* Work order *
Can you print the data exactly and leave out each image?
─── Given material
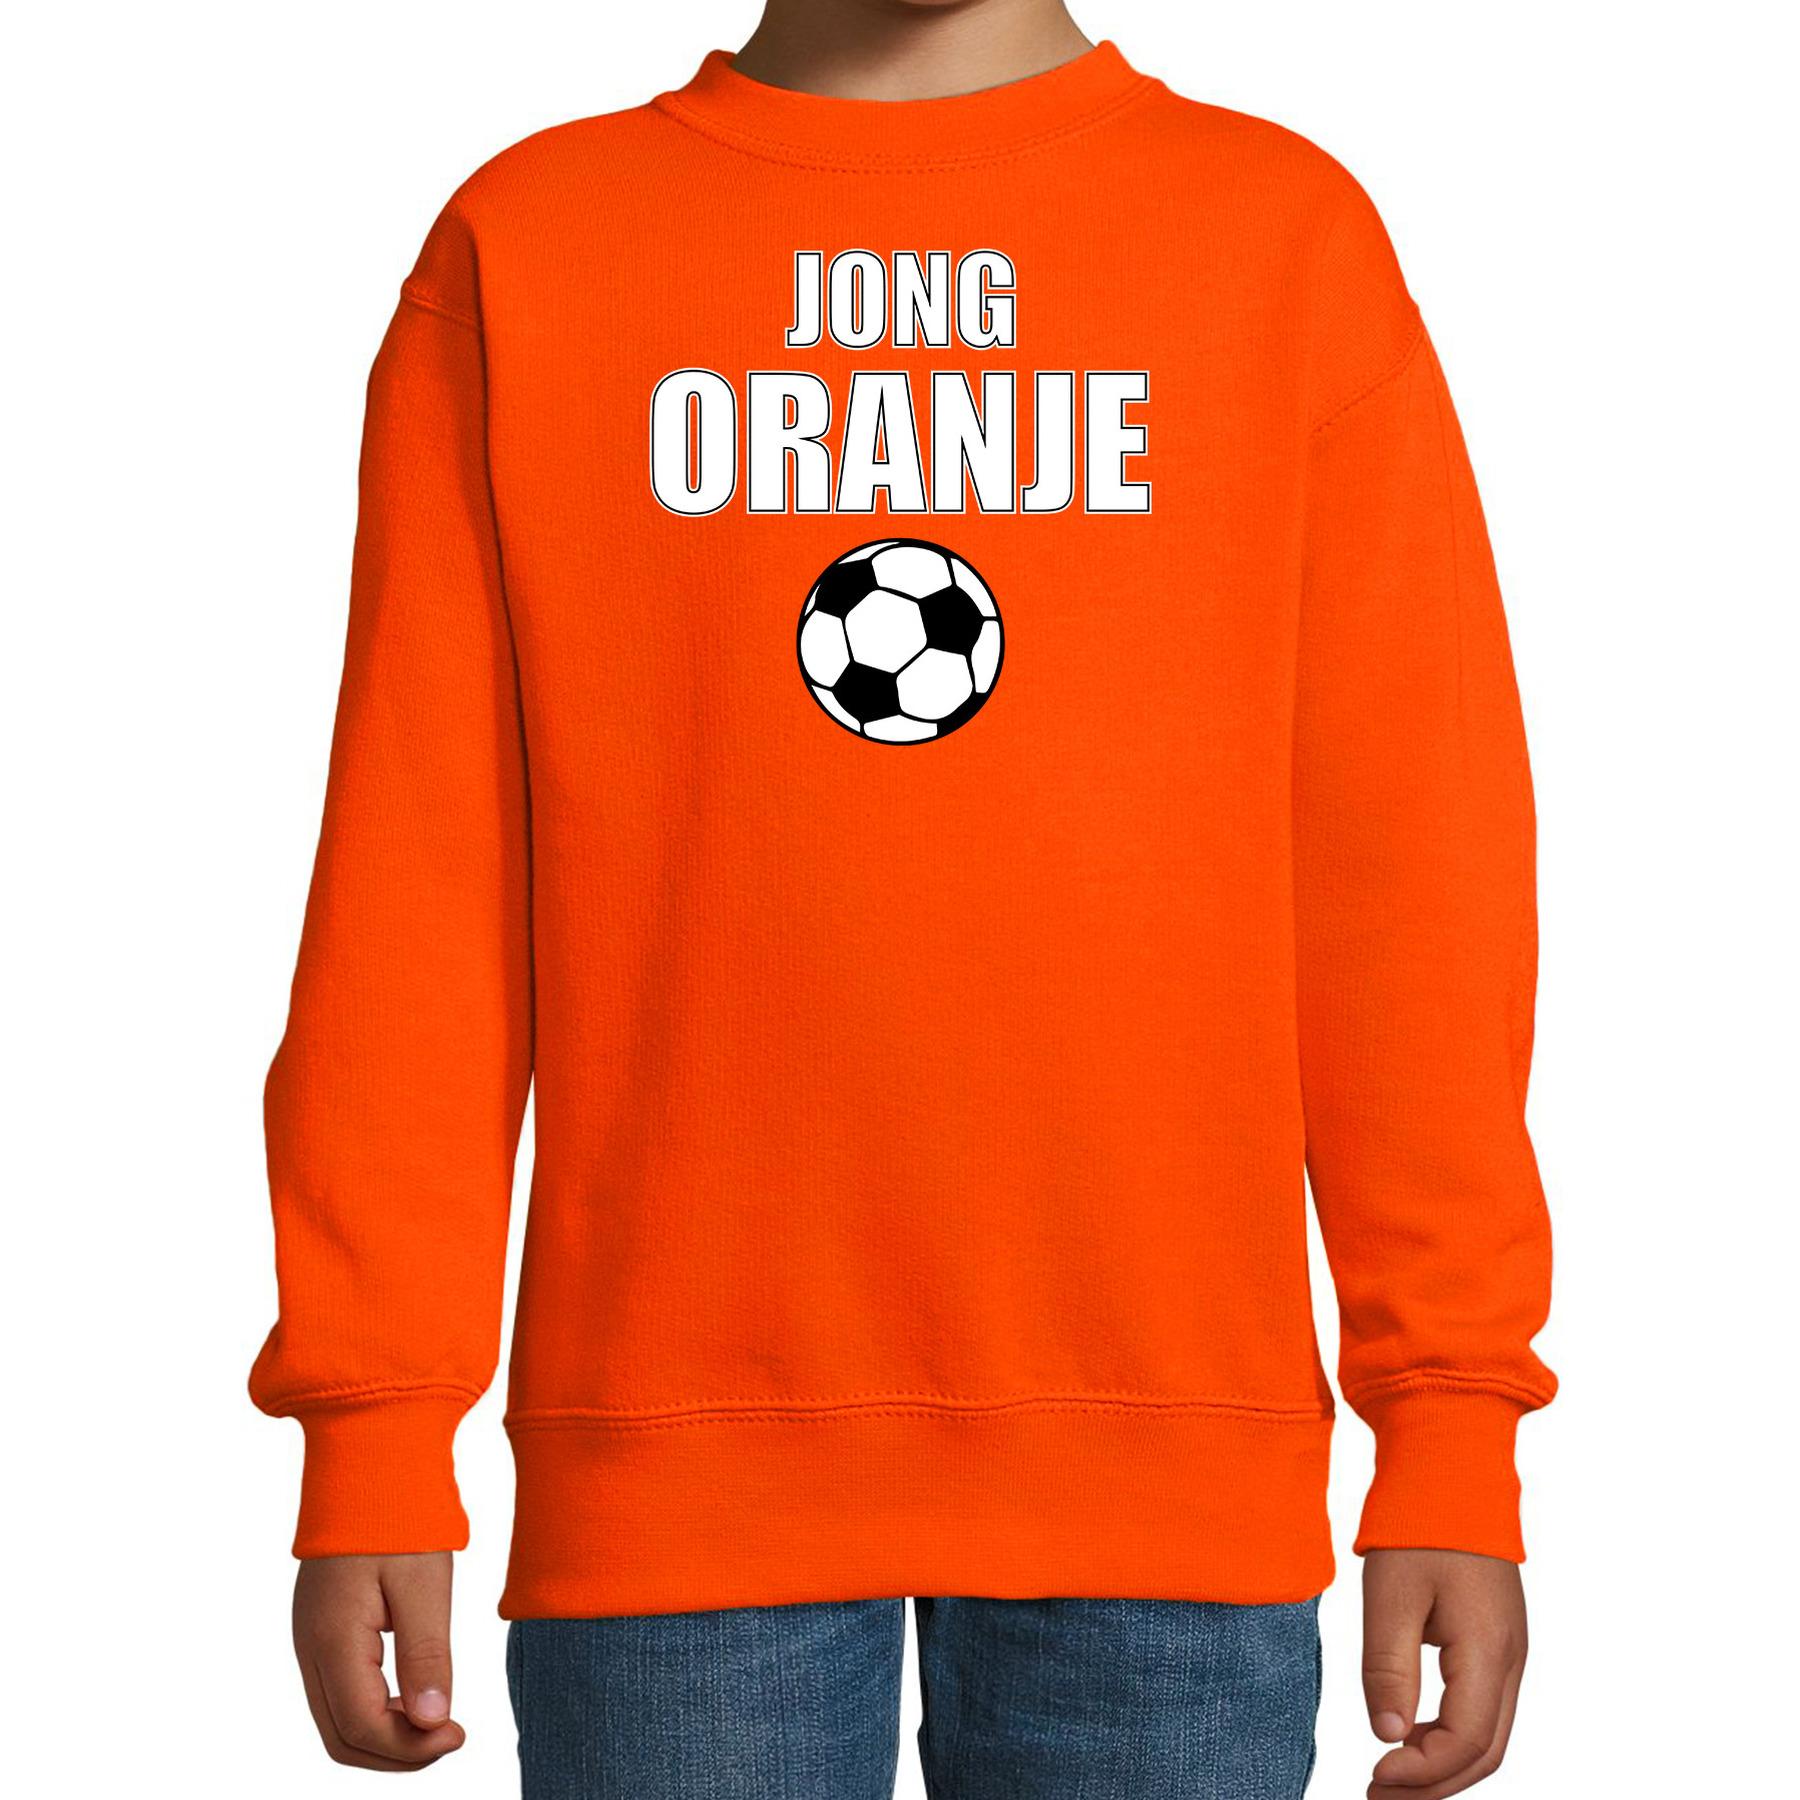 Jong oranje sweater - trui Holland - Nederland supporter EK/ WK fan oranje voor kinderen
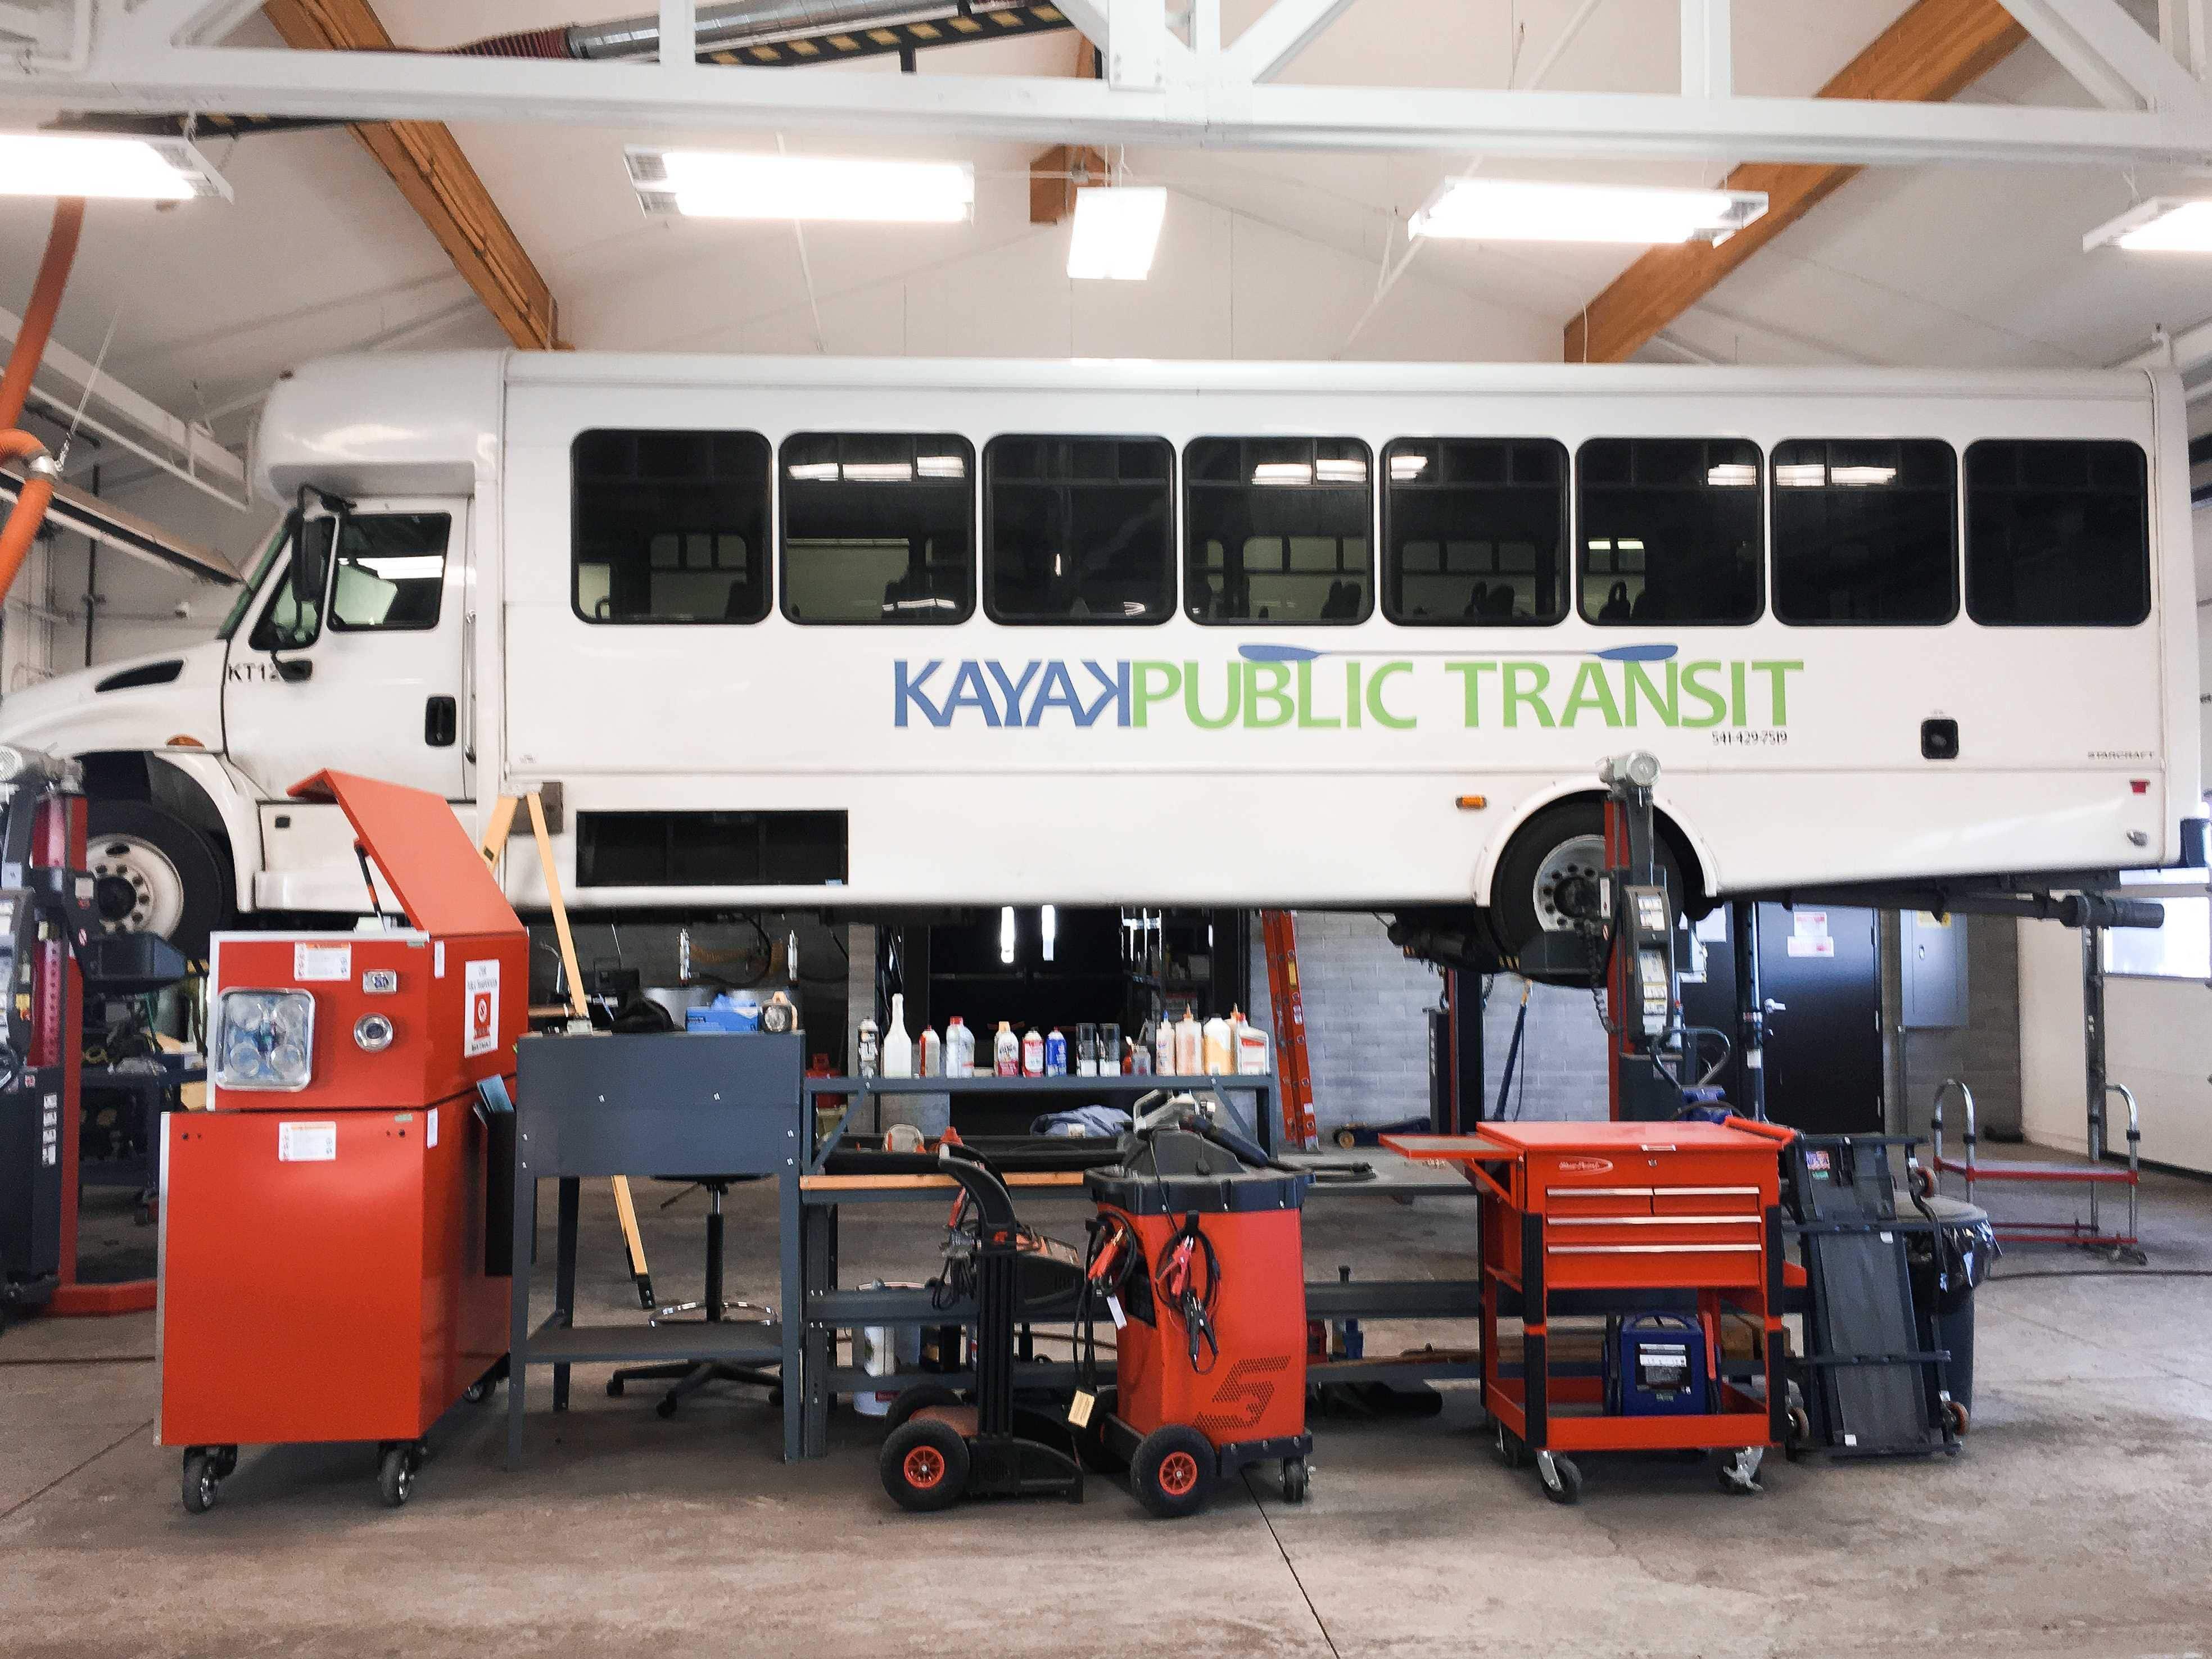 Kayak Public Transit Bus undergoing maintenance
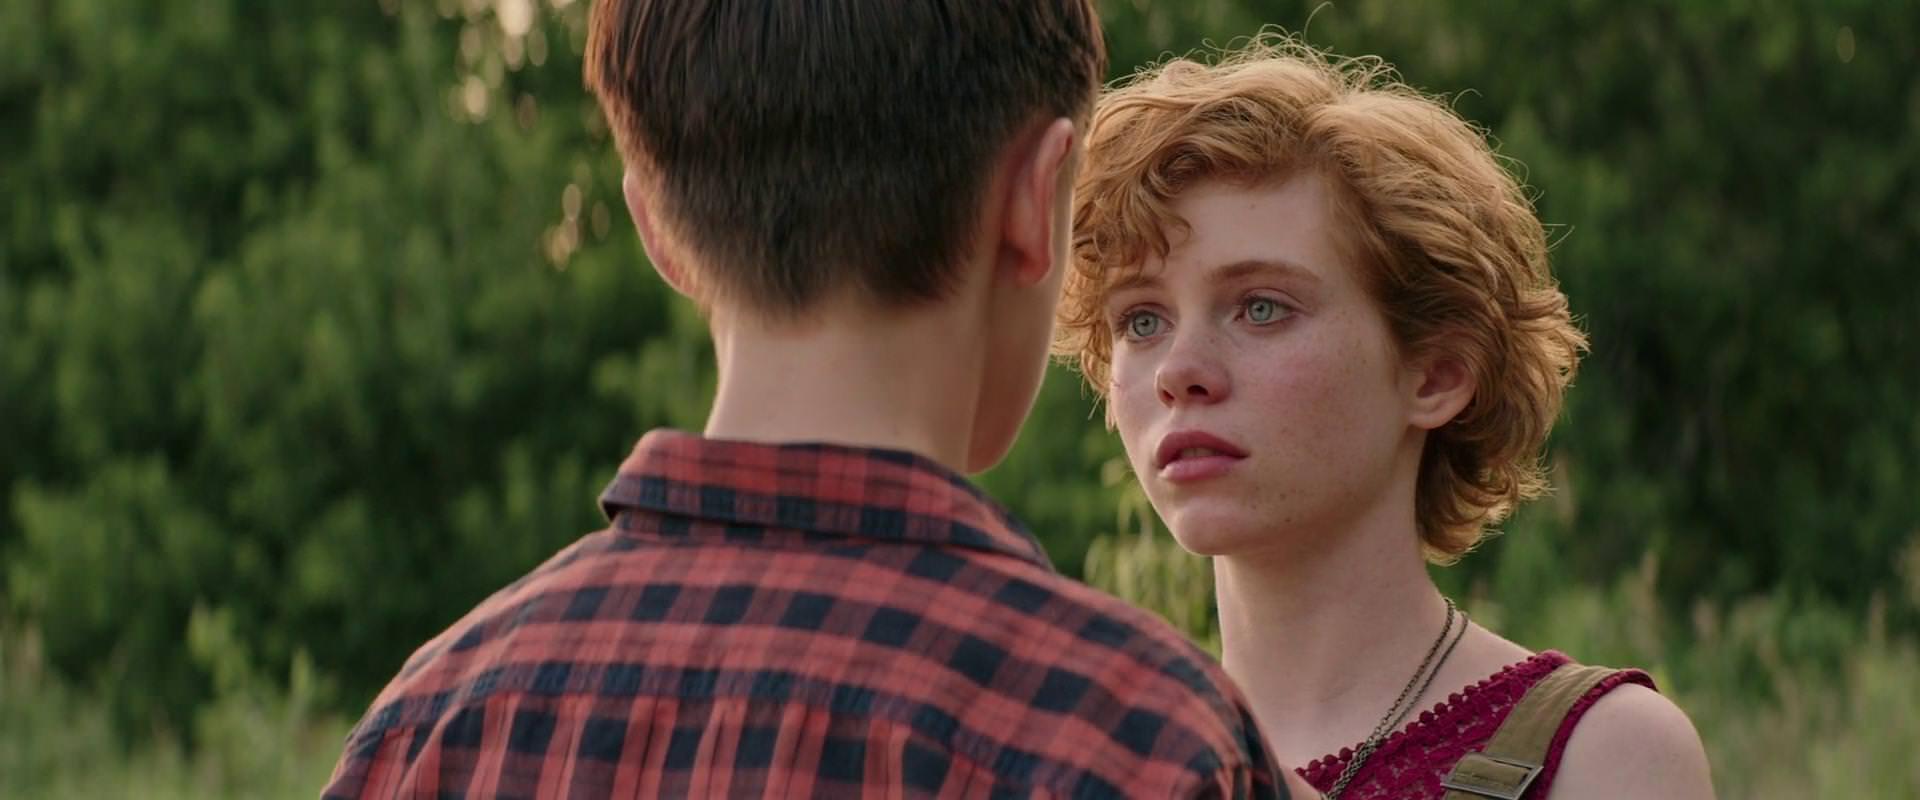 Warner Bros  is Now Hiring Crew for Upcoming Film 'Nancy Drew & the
──────
* Answer below *
 Jong oranje sweater - trui Holland - Nederland supporter EK/ WK fan oranje voor kinderen
 Kayak Public Transit Bus undergoing maintenance
 Warner Bros  is Now Hiring Crew for Upcoming Film 'Nancy Drew & the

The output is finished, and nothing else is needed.